Programming Bare-Metal Accelerators with Heterogeneous Threading Models: A Case Study of Matrix-3000
Jianbin Fang,Peng Zhang,Chun Huang,Tao Tang,Kai Lu,Ruibo Wang,Zheng Wang
DOI: https://doi.org/10.48550/arXiv.2210.12230
2022-10-22
Abstract:As the hardware industry moves towards using specialized heterogeneous many-cores to avoid the effects of the power wall, software developers are finding it hard to deal with the complexity of these systems.
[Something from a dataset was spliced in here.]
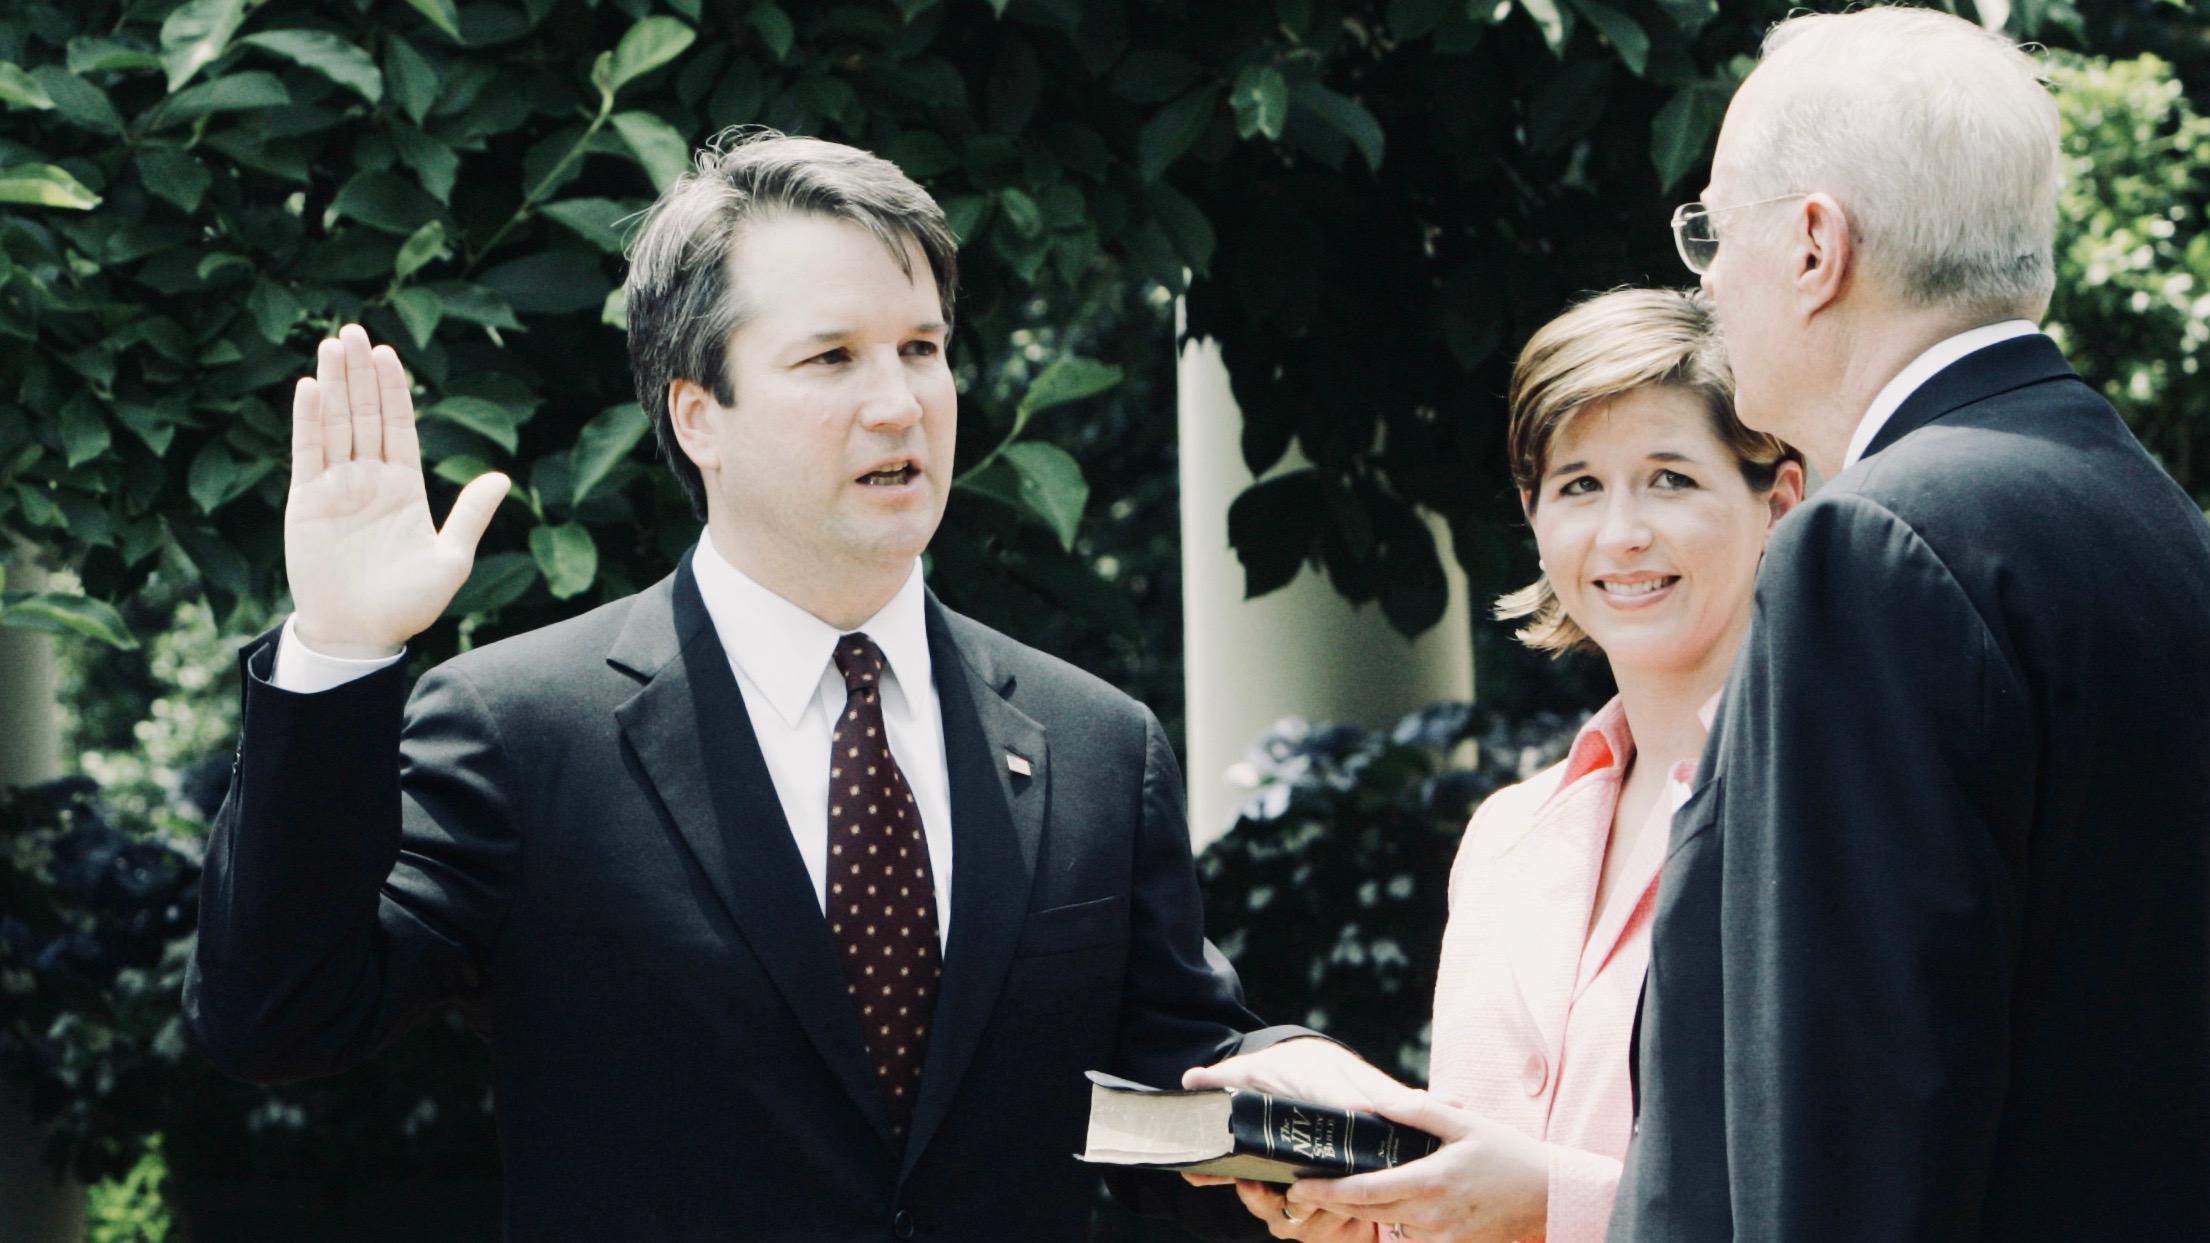 In Fox News interview, Kavanaugh sets a blueprint for Senate hearing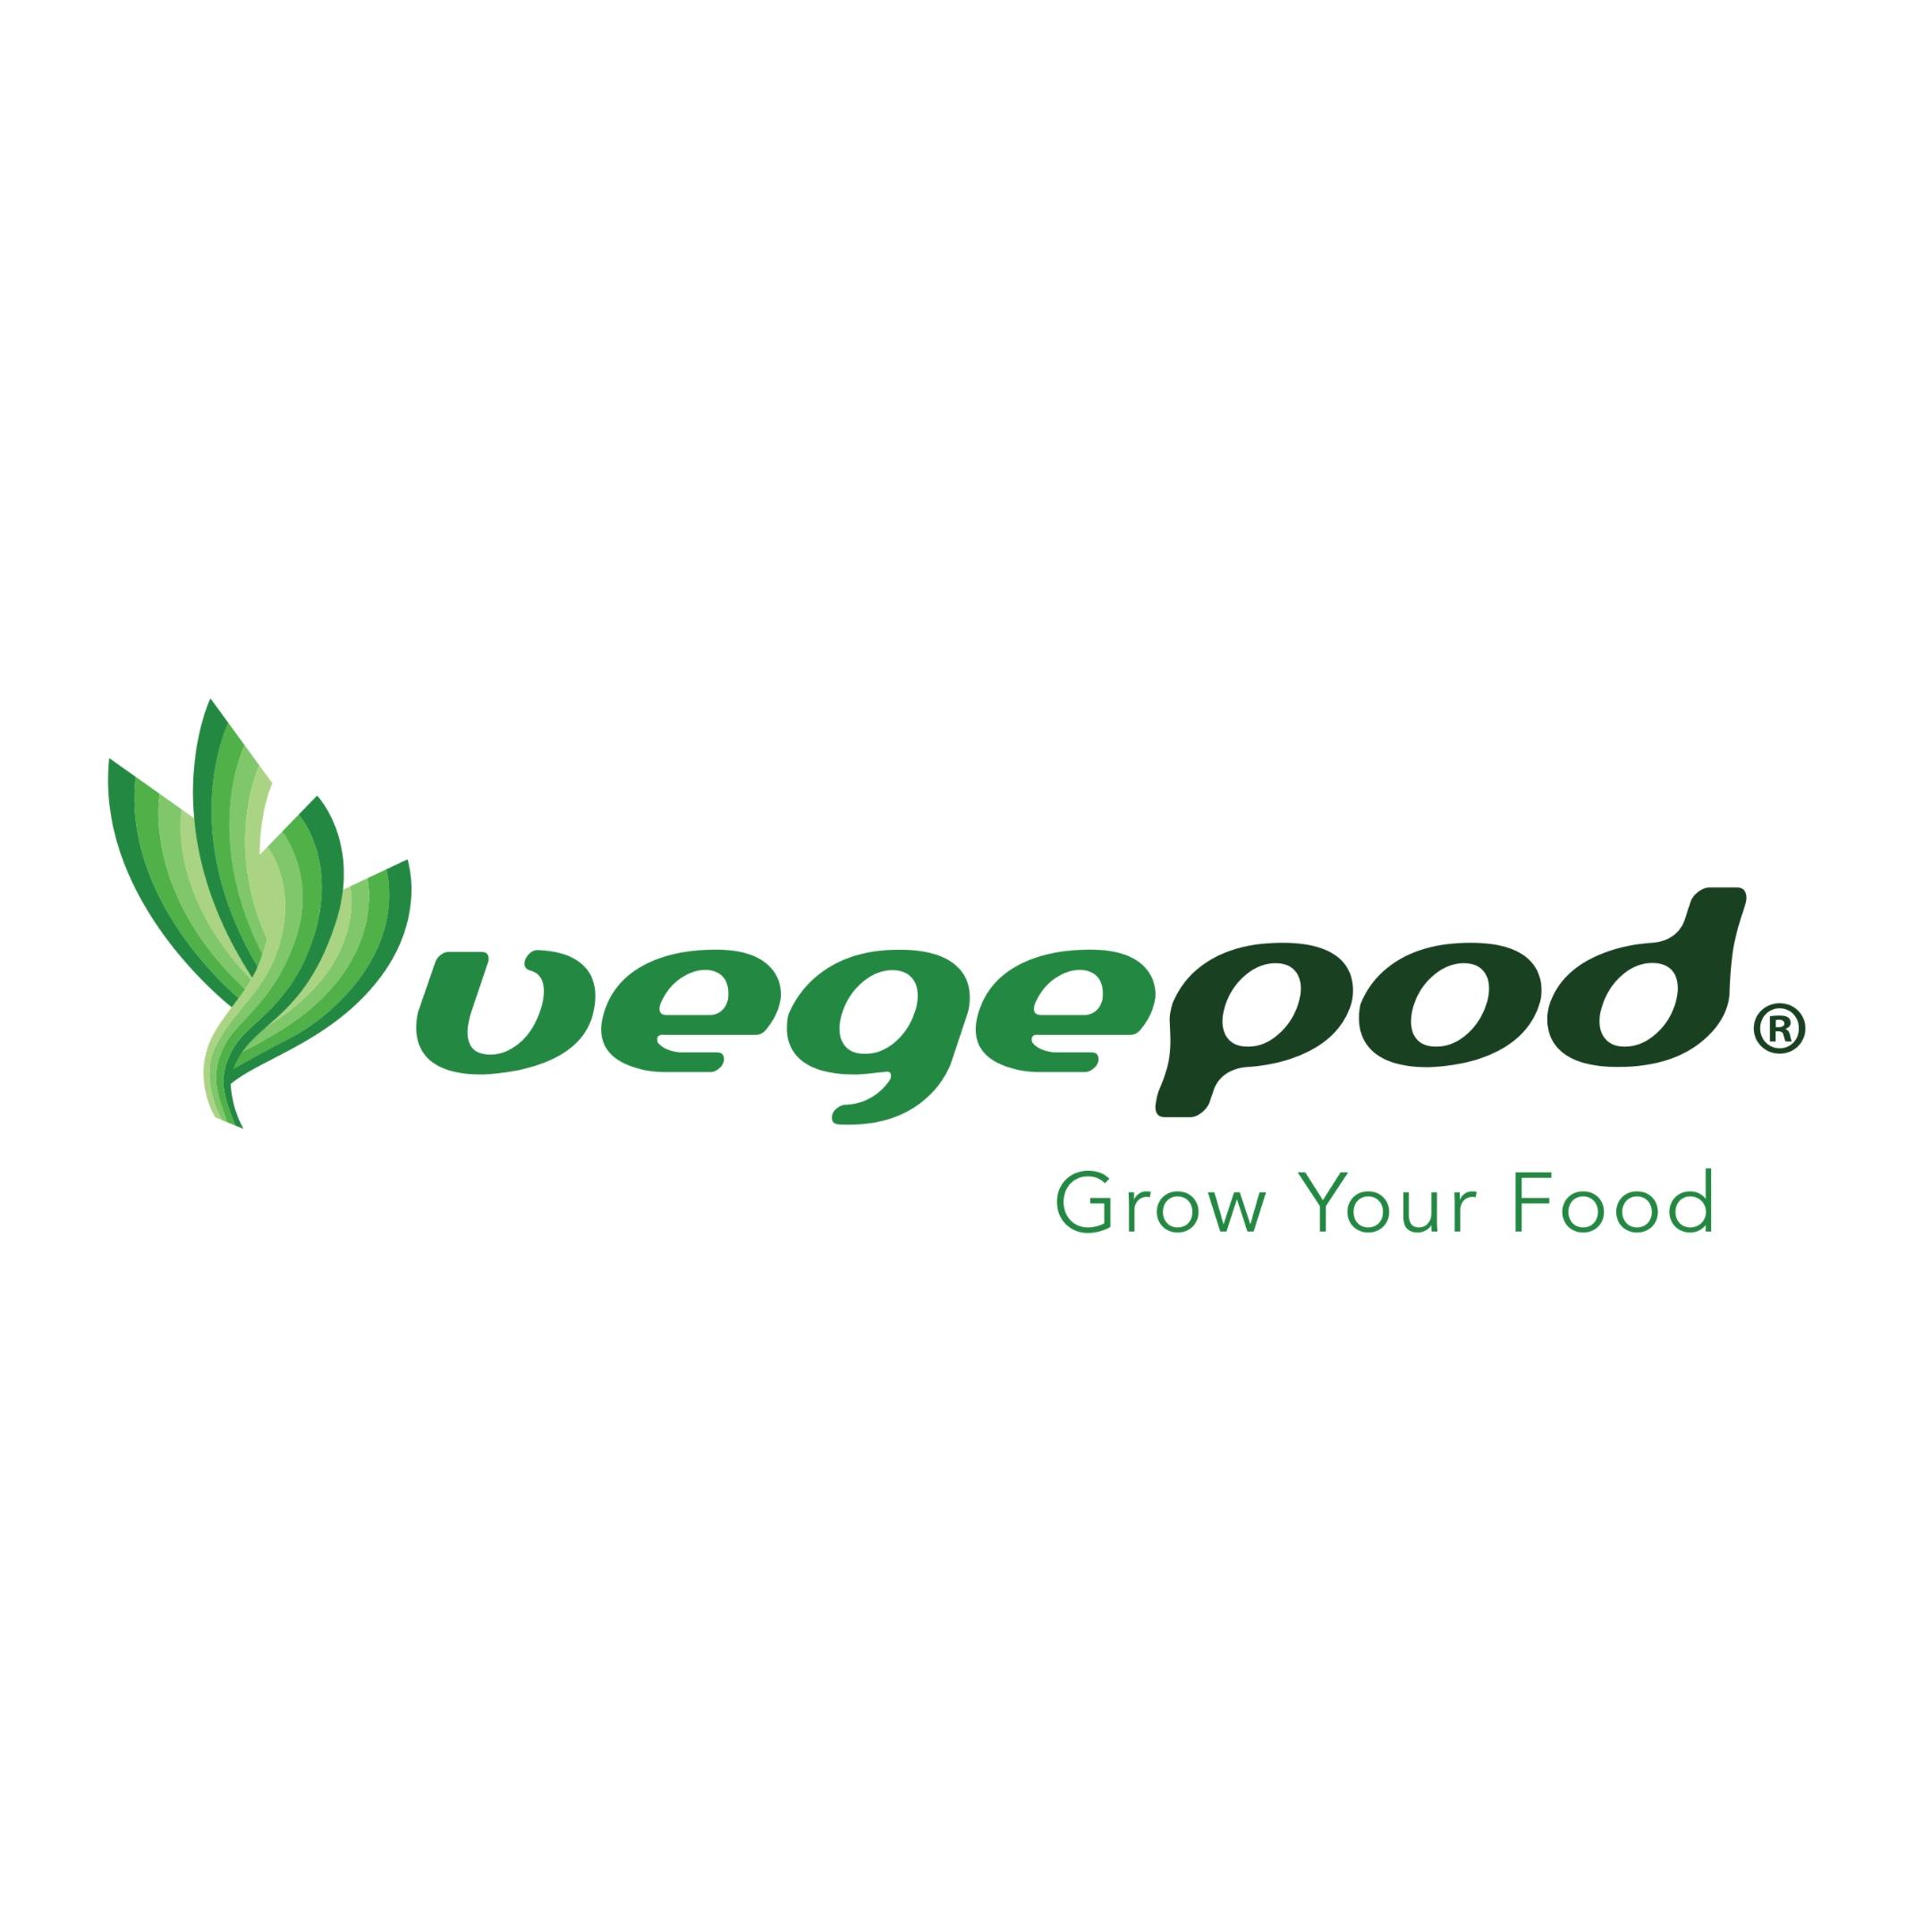 Vegepod - NGA Future Innovation Inc.

This article shares our experience when developing a programming model and its supporting compiler and libraries for Matrix-3000, which is designed for next-generation exascale supercomputers but has a complex memory hierarchy and processor organization. To assist its software development, we developed a software stack from scratch that includes a low-level programming interface and a high-level OpenCL compiler. Our low-level programming model offers native programming support for using the bare-metal accelerators of Matrix-3000, while the high-level model allows programmers to use the OpenCL programming standard. We detail our design choices and highlight the lessons learned from developing systems software to enable the programming of bare-metal accelerators. Our programming models have been deployed to the production environment of an exascale prototype system.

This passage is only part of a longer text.